Quando aprirono il deposito, nel 1956, l’Italia si stava rialzando a fatica dai disastri della guerra e cominciava a vedere la luce in fondo al tunnel, anche se gli anni del boom economico erano ancora lontani. Nella cosiddetta Piana non c’era quasi nulla e lo stesso aeroporto di Peretola vedeva passare pochissimi aerei privati, solo per voli nazionali. Il disastro di lunedì 9 dicembre, al deposito Eni di Calenzano, ha spaventato tutta Firenze proprio perché, nel corso dei decenni, quella zona è cresciuta a dismisura a livello di insediamenti produttivi e di infrastrutture.
L’impianto fece il “salto di qualità” nel 1971, quando venne collegato con la raffineria di Livorno. Fu una precisa scelta strategica, cui a onor del vero non corrispose una lungimirante pianificazione dello sviluppo del territorio. Perché basta guardare una qualunque carta geografica, oggi, per rendersi conto dell’estrema pericolosità di un impianto così grande in una zona simile, a pochissima distanza dal più grande centro commerciale della Toscana (I Gigli), a due passi dalla linea ferroviaria, di due autostrade (A1 e A11) e del’aeroporto di Firenze. Tema sicurezza già discusso varie volte, sia a livello locale che in Regione. Ma fino a oggi non si è fatto nulla. O si è fatto troppo poco.
L’impianto di Calenzano è sottoposto alla “direttiva Seveso” per il rischio industriale. Ce ne sono 50 in tutto il resto del Paese sottoposti a rigidi controlli. La lista viene costantemente aggiornata grazie anche all’Arpat, con ispezioni previste ogni tre anni. Per quanto riguarda Calenzano i rischi erano considerati bassi, ma “con danni potenziali gravissimi e con conseguenze anche fuori dal perimetro dello stabilimento”.

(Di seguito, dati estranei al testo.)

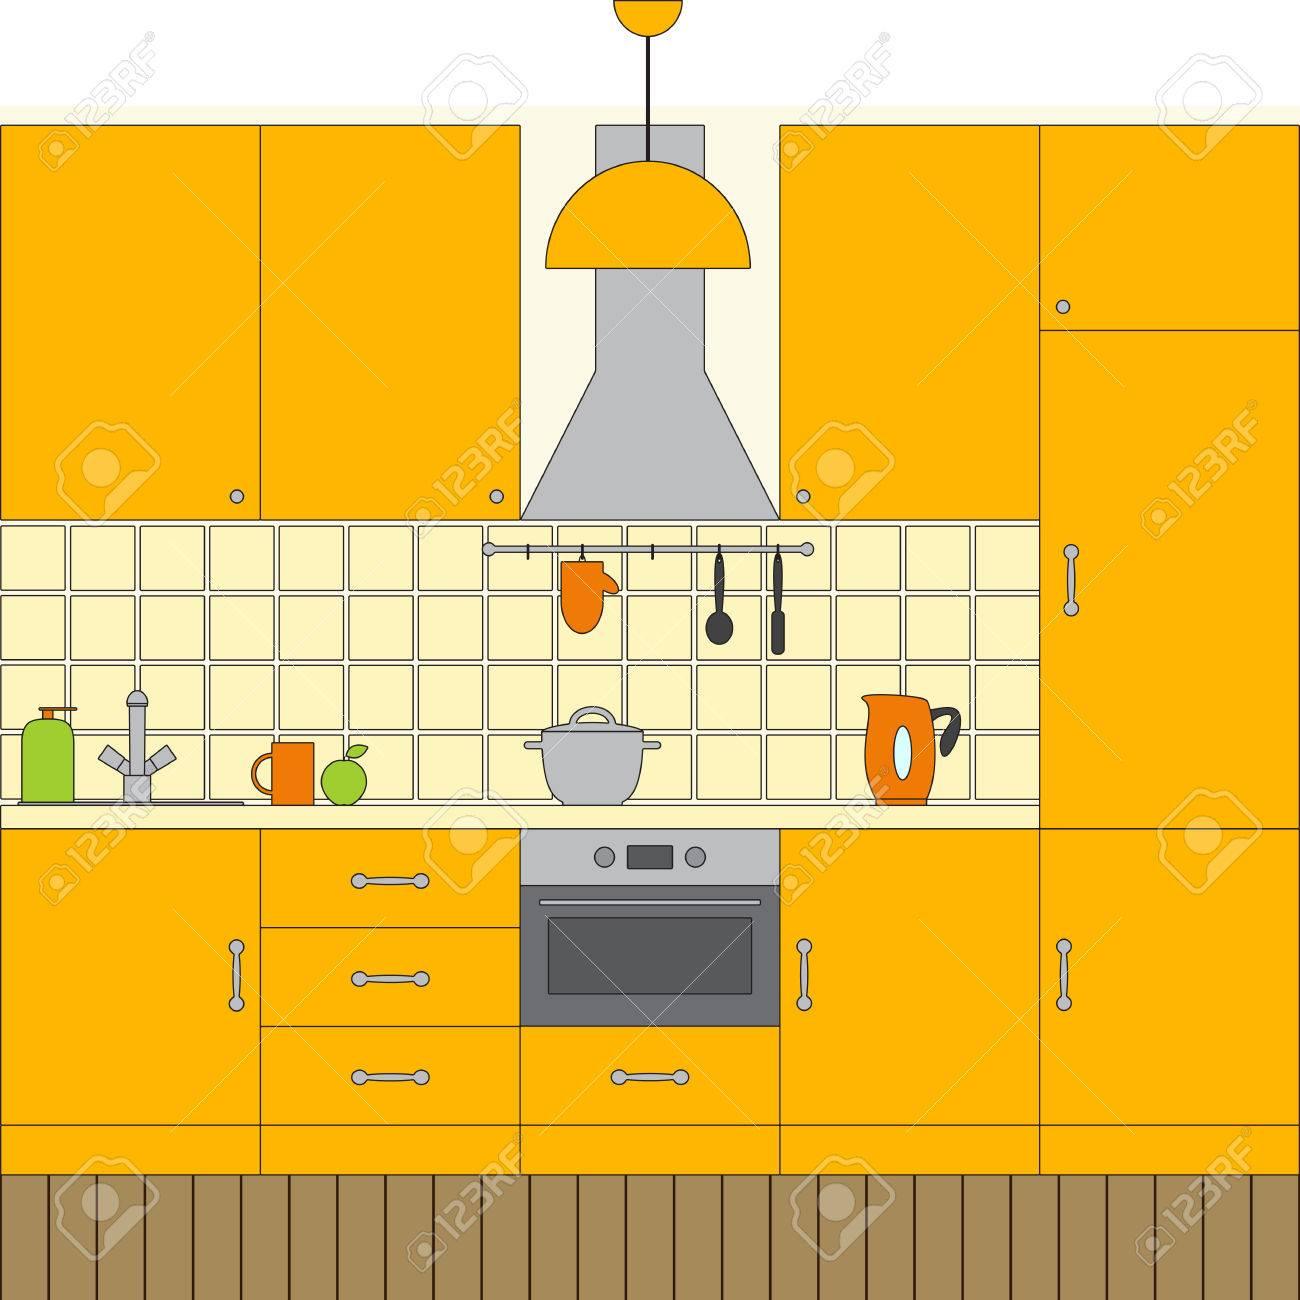 Awesome Cappe Aspirazione Cucina Da Incasso Pictures ...
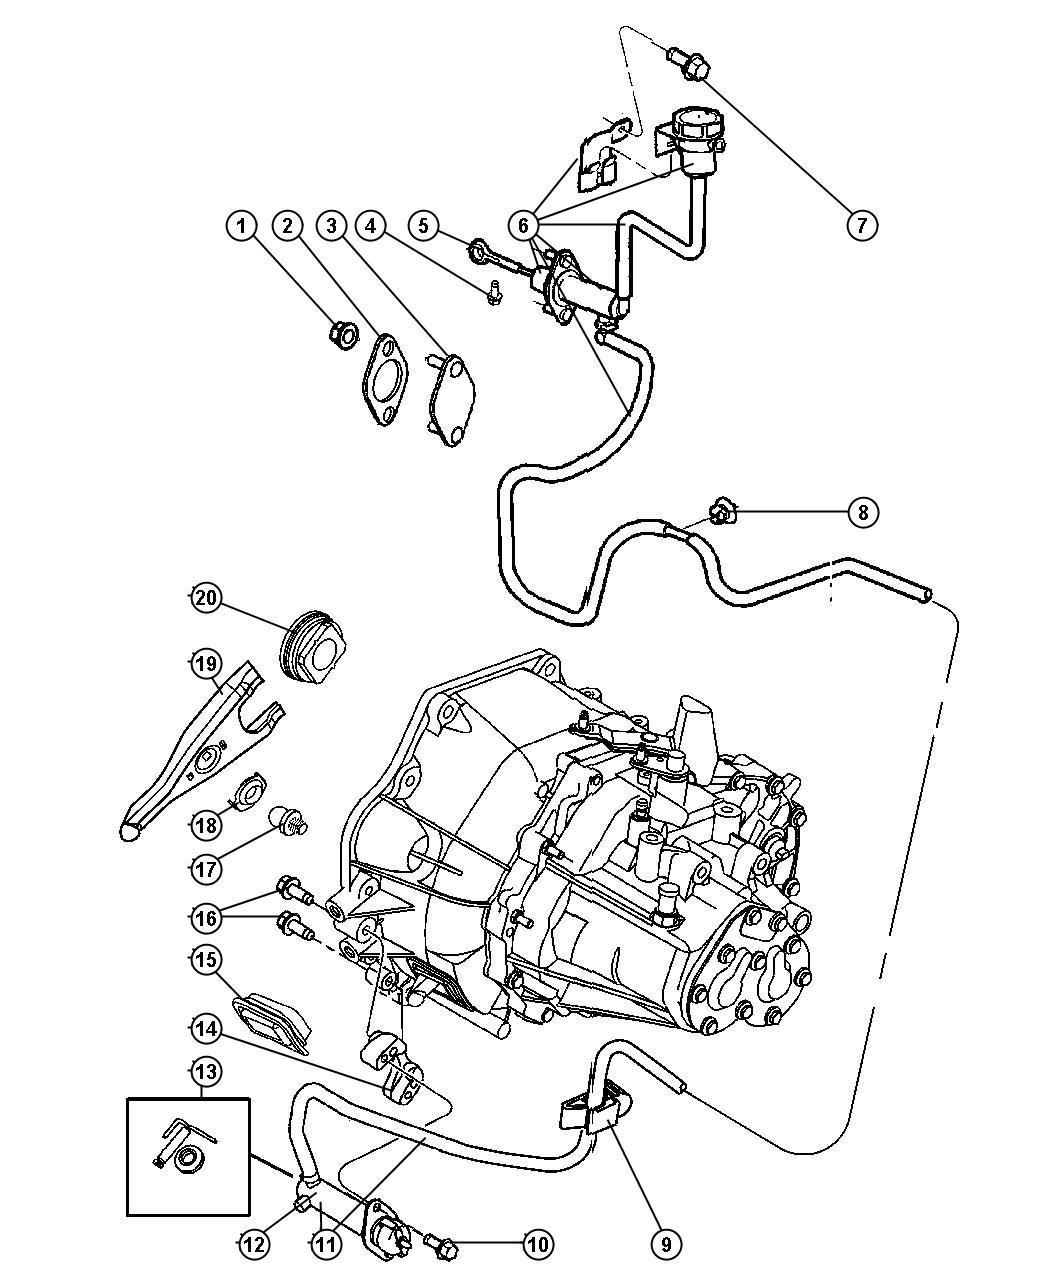 Chrysler Lhs Actuator Hydraulic Clutch

“Purtroppo era in parte una tragedia annunciata – ha detto al Corriere della sera il sindaco di Calenzano, Giuseppe Carovani -. Era un’azienda a rischio di incidente rilevante ed era predisposto un piano di emergenza che abbiamo seguito. C’è però una situazione di vulnerabilità strutturale per la presenza di questo sito sul nostro territorio”.
Medicina Democratica quattro anni fa aveva lanciato un allarme: “Come prevedevamo già nell’ottobre 2020 – spiega Maurizio Marchi – è avvenuto un incidente rilevante a Calenzano nei depositi Eni”. Rischio che, come annunciato, avrebbe potuto coinvolgere “i Comuni di Calenzano, Sesto, Campi Bisenzio, con oltre 100 mila persone in emissioni tossiche”. È proprio questo il punto: dove è collocato l’impianto.
Ma torniamo alla tragedia che si è verificata (sino ad ora le vittime sono cinque). In un Paese che voglia dirsi civile lo sforzo per evitare morti sul lavoro non va mai ridotto di un millimetro. In Italia negli ultimi anni si è fatto tanto, in tal senso, ma ancora molto bisogna fare per aumentare la sicurezza. Le leggi ci sono e sono severe, questo sì, ma sono poche le risorse necessarie per le verifiche. E questo vanifica gli sforzi del legislatore.
Il disastro di Calenzano chiama in causa la politica anche per un altro aspetto: si deve urgentemente porre rimedio ai troppi errori fatti in passato sul governo del territorio. Ci vorranno anni e forse non sarà possibile risolvere tutti i guai prodotti nel tempo, ma da qualche parte bisognerà pur cominciare a sistemare le cose in questo Paese.